OF WILT, JIM BROWN AND TALKING ABOUT GOATS
By STEVE KING
Tuesday was a big day in sports history.
It was the 59th anniversary of Wilt Chamberlain’s most memorable game.
It was on March 2, 1962 that “The Big Dipper,” or “Wilt the Stilt,” as he was also known, then playing for the Philadelphia Warriors before the franchise’s move to San Francisco, scored what is still an NBA-record 100 points in a 169-147 win over the New York Knicks in Hershey, Pa. He had 59 points in the second half alone and made 28 free throws, also still a league mark.
The 7-foot-1, 275-pound center averaged 44.8 points per game that season after averaging — get this — 50.4 the previous year. In the two seasons before that — his first years in the NBA –, he averaged 37.6 and 38.4 points.
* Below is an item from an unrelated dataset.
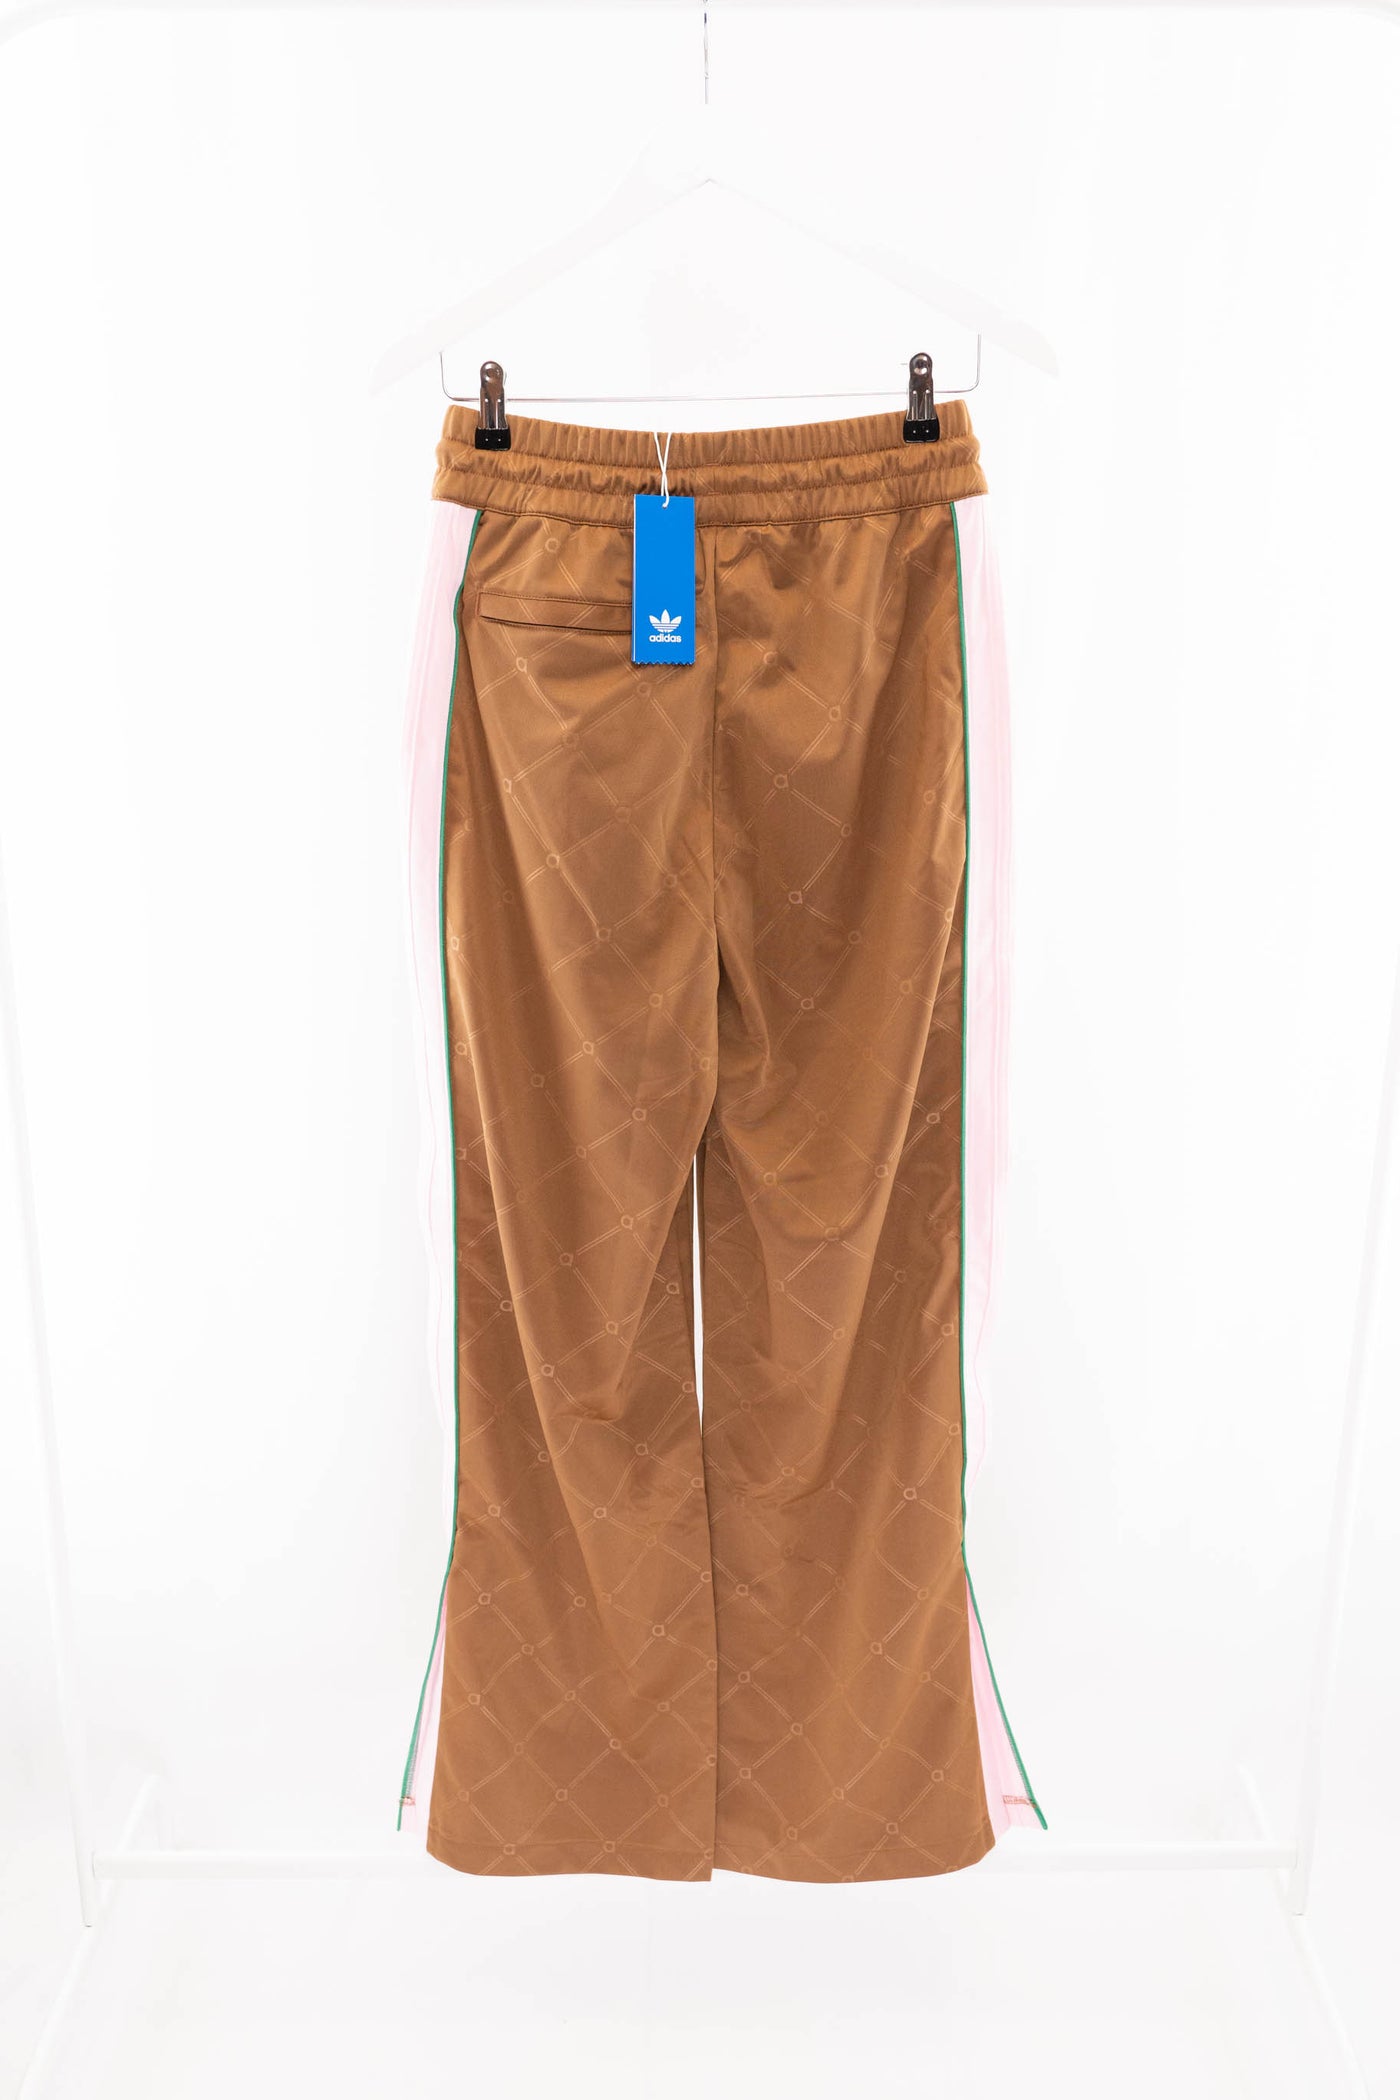 Pantalón deportivo marrón (NUEVO)

From 1963-65, he averaged 36.8, 34.7 and 33.5. Plus he averaged 22.9 rebounds a game for his 14-year career.
A friend of mine who is a longtime high school basketball coach, and a real junkie about the sport, has a piece of the floor from the Hersheypark Arena at which the game was played. He got it from a friend who works for the Philadelphia 76ers. Talk about a cool memento!
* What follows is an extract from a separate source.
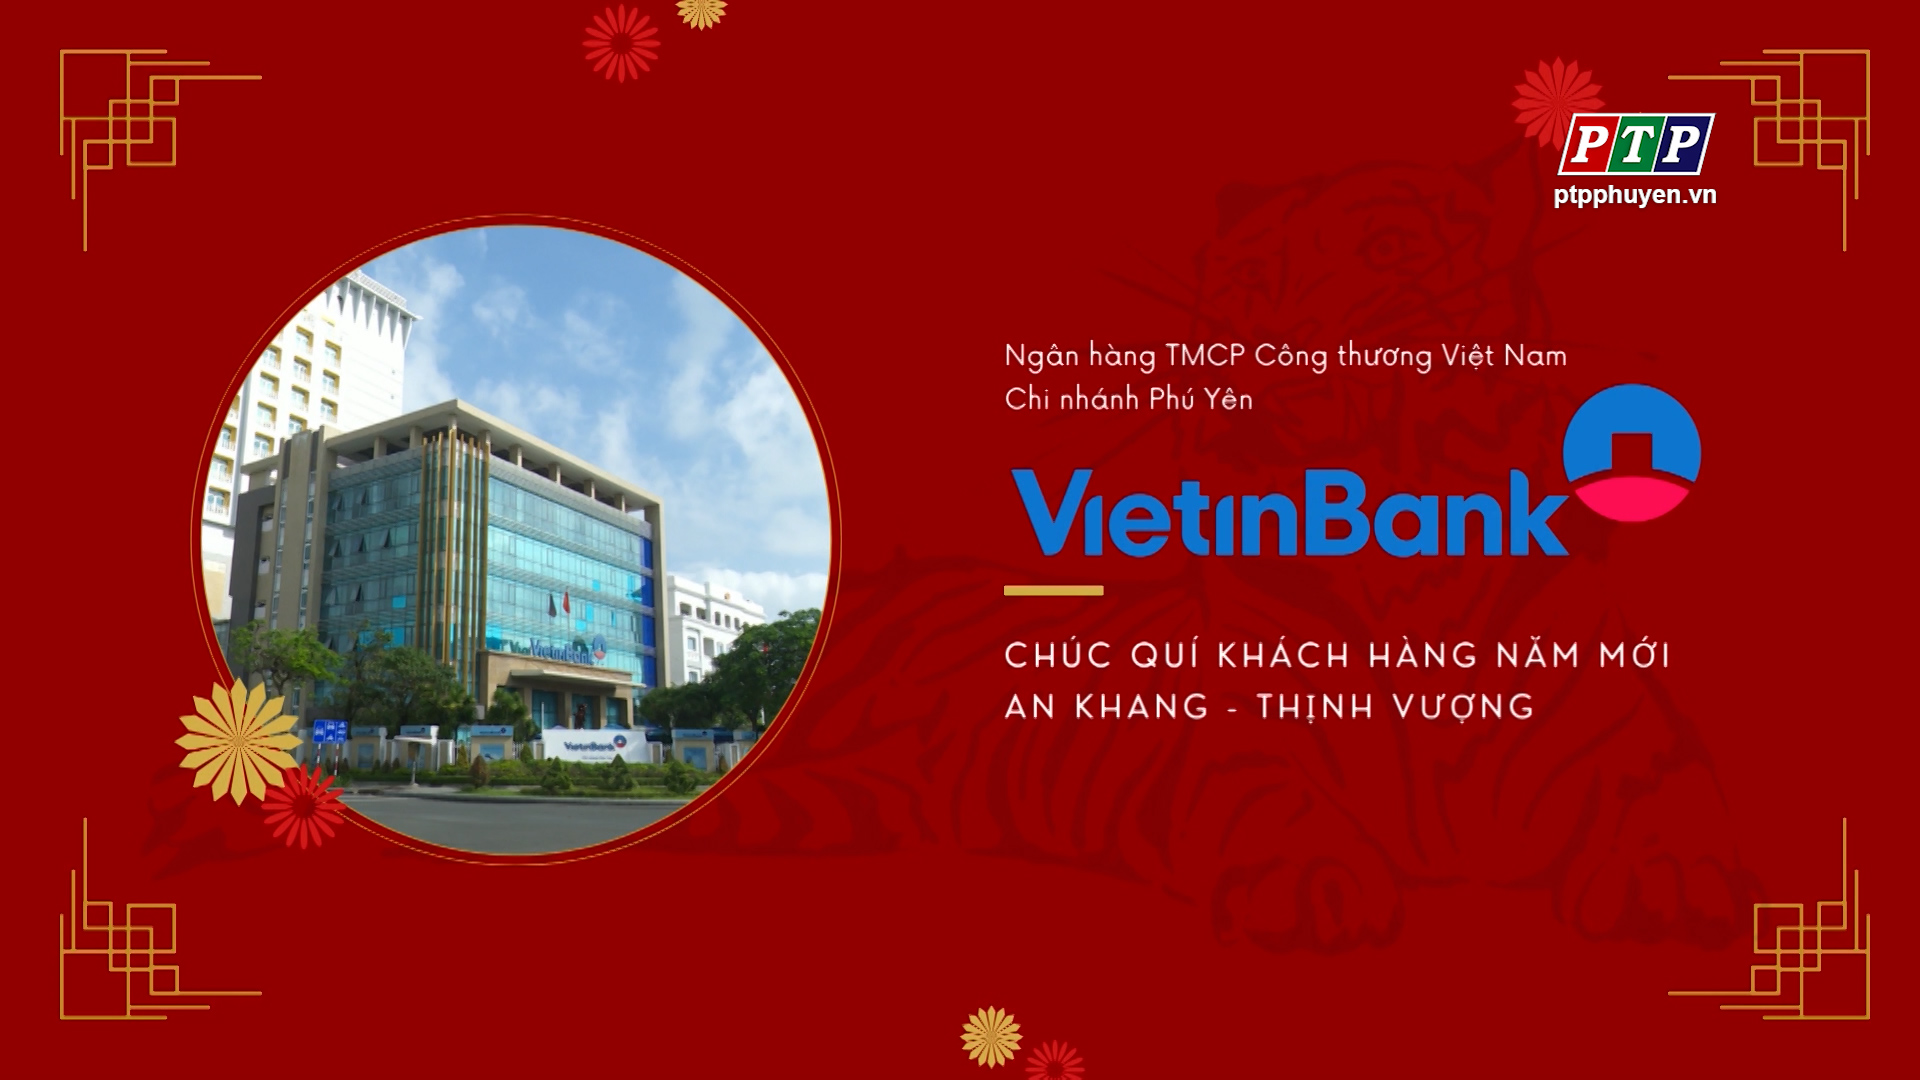 Vietinbank Phú Yên Chúc Mừng Năm Mới

Anyway, why all the talk about Chamberlain?
Because we’re all caught up these days in GOAT — greatest of all-time — discussion in every sport, everything, really, even non-sports.
As basketball fans and the so-called experts go back and forth between Lebron James and Michael Jordan for the greatest-ever tag, everybody forgets about Chamberlin, probably because he played so long ago. With numbers like I mentioned earlier, shouldn’t he be in the conversation, too?
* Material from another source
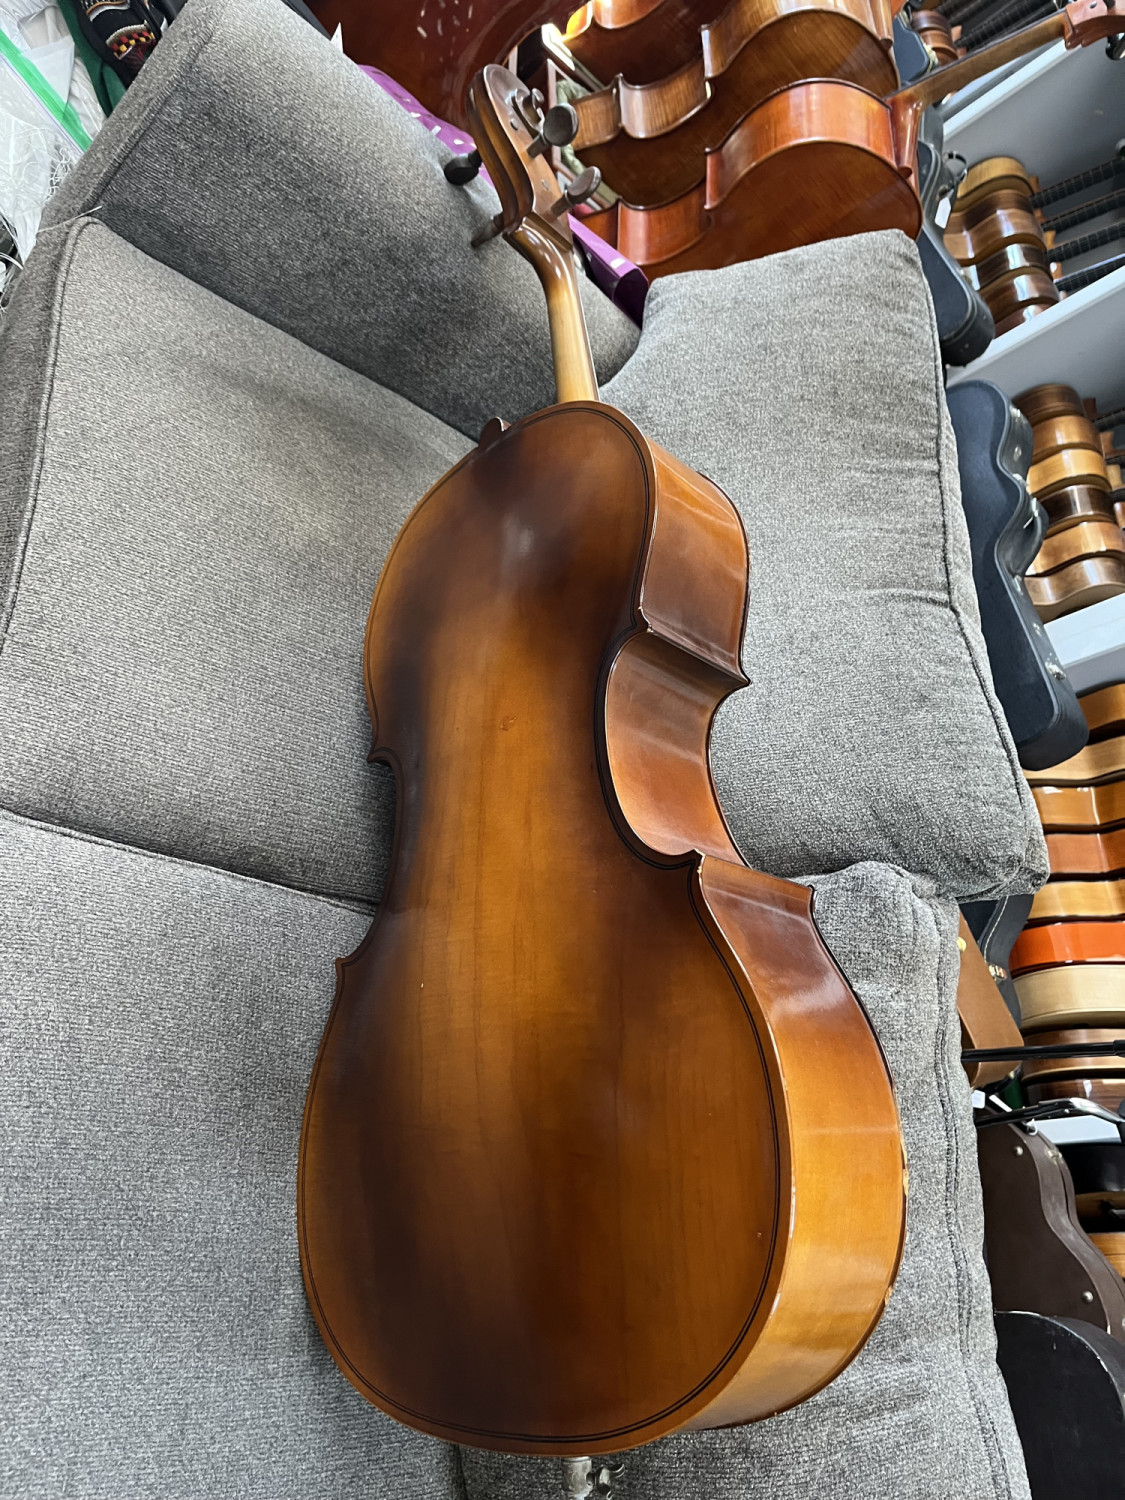 1950's Kay Cello 4/4

In evaluating players from different eras, it’s not, “Could Wilt Chamberlain play today?” That’s silly, goofy. Rather, in looking at greatness, ask this simple question, “Was Wilt more dominant against his own competition than, say, James or Jordan were against theirs?”
Chamberlain was born in 1936, about six months after Browns Pro Football Hall of Fame running back Jim Brown. Just as Chamberlain was light years ahead of everybody he played against, producing video-game-like statistics, so was Brown in the same. era That’s why I — and many others — call Brown the greatest football player ever. It has nothing to do with trying to determine if Brown could play today. Are you kidding? He’s 85 years old.